Please copy exactly the part of the records below that opens with the line containing "Doctor Ammar IbrahimDirector" and closes with the line containing "вороны на пляже", leaving out any pictures.

Start of RECORDS PROVIDED

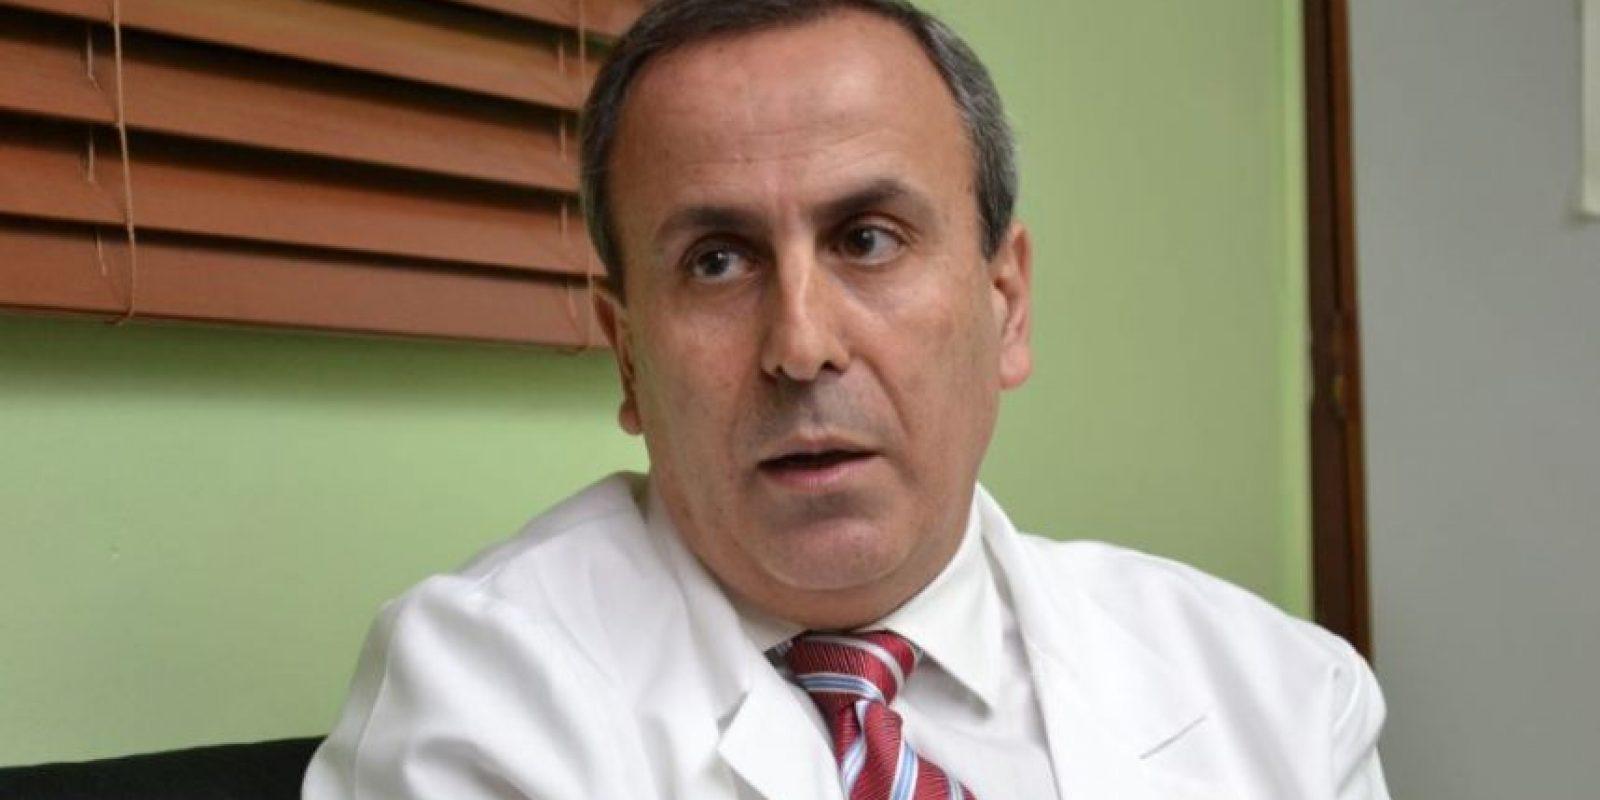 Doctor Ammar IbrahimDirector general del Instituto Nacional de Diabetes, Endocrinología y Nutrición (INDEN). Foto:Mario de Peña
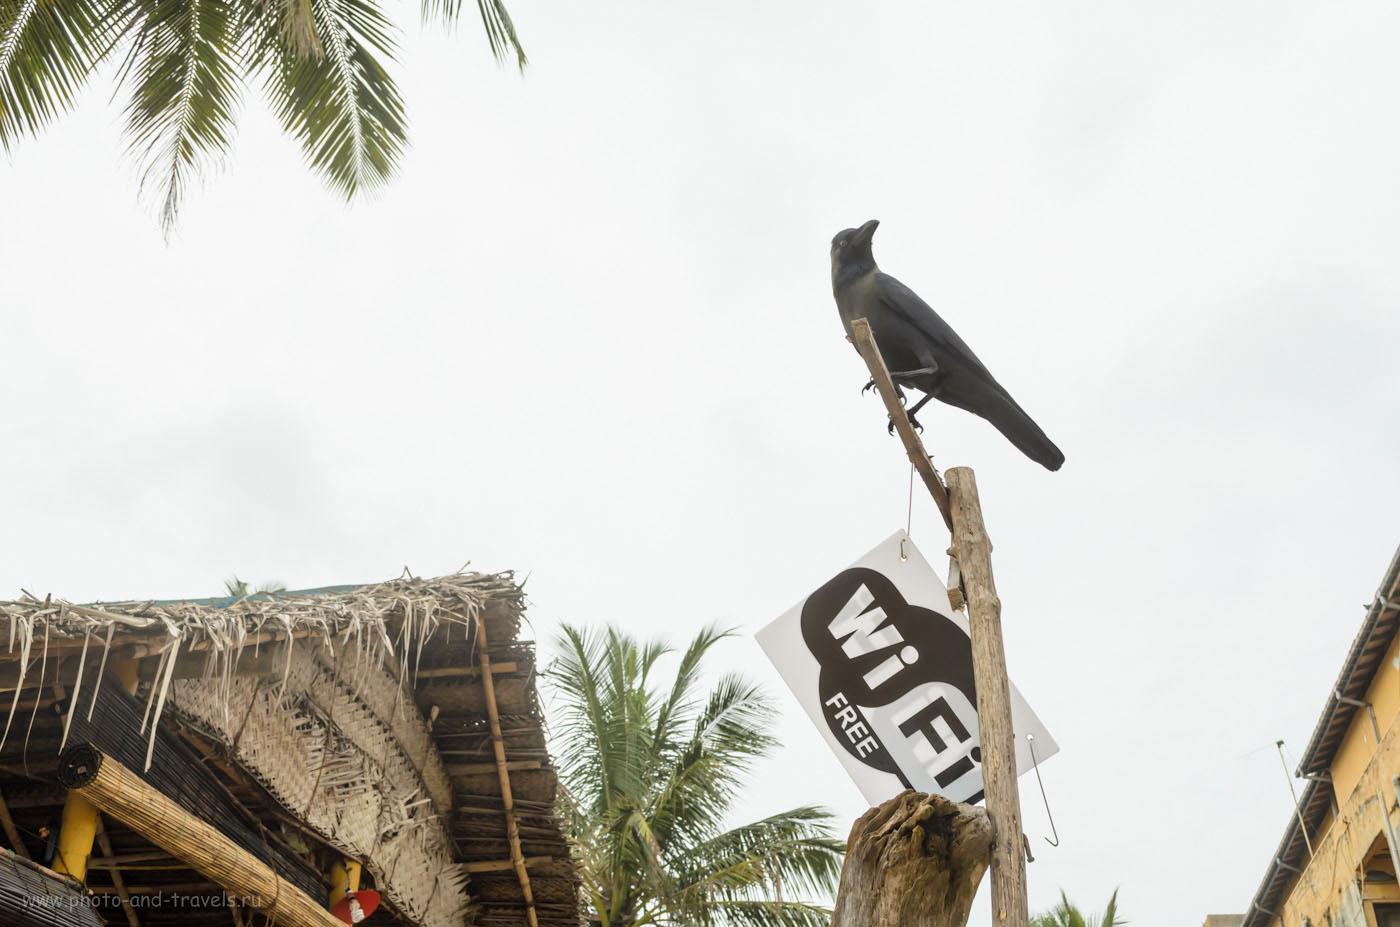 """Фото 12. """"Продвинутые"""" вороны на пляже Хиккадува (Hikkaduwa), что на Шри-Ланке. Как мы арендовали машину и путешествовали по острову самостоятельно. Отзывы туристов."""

End of RECORDS PROVIDED
Start of RECORDS PROVIDED

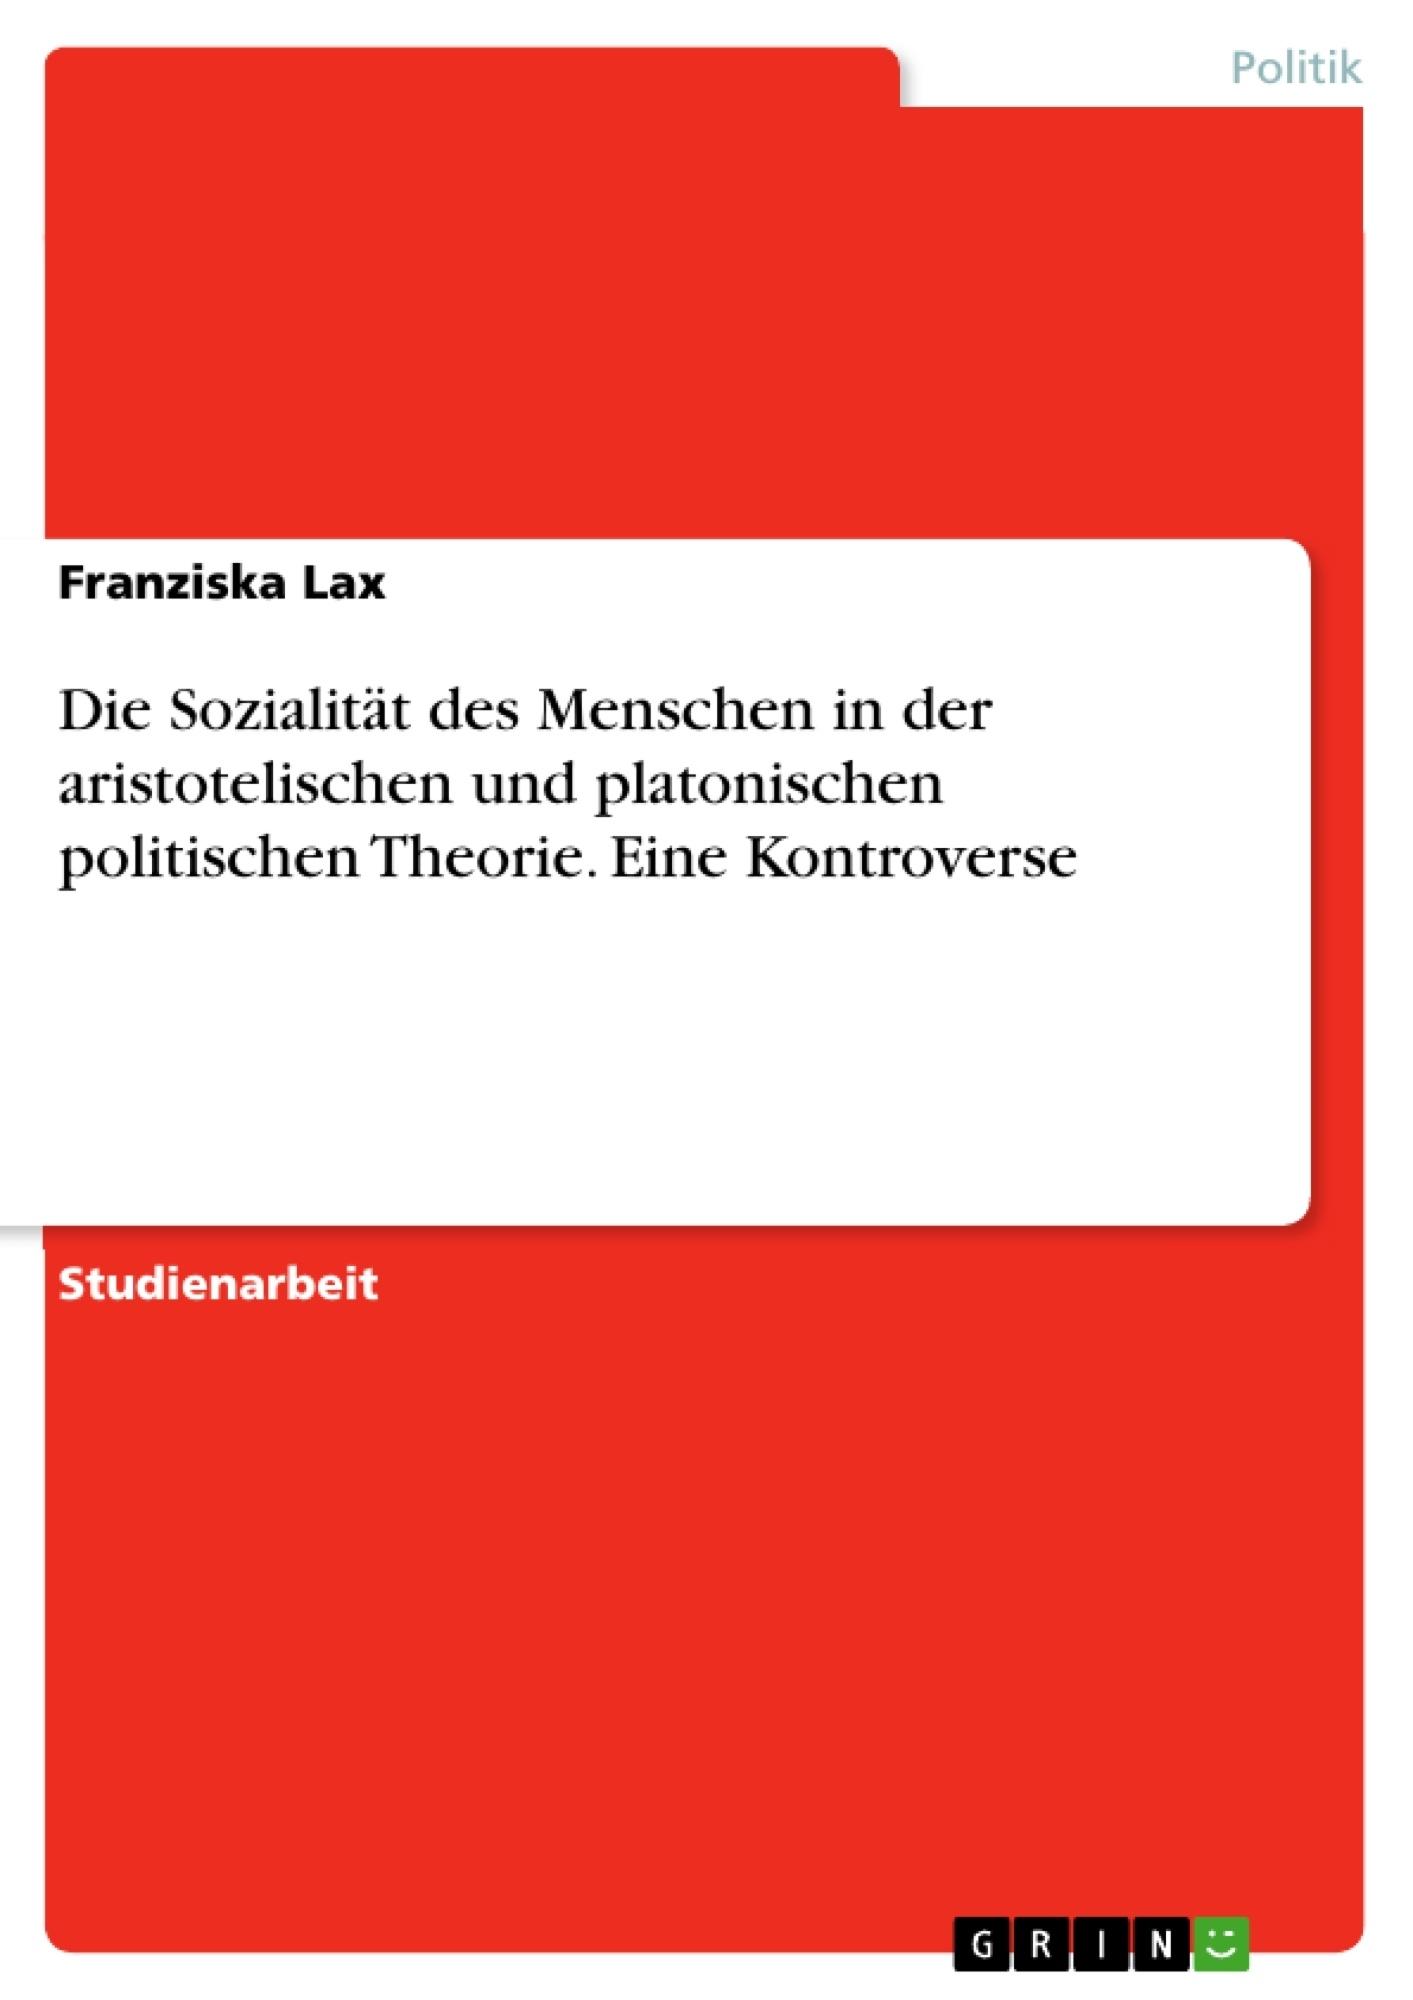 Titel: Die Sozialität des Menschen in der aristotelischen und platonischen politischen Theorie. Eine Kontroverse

End of RECORDS PROVIDED

§ **REPLY**
 Doctor Ammar IbrahimDirector general del Instituto Nacional de Diabetes, Endocrinología y Nutrición (INDEN). Foto:Mario de Peña
 """Фото 12. """"Продвинутые"""" вороны на пляже Хиккадува (Hikkaduwa), что на Шри-Ланке. Как мы арендовали машину и путешествовали по острову самостоятельно. Отзывы туристов."""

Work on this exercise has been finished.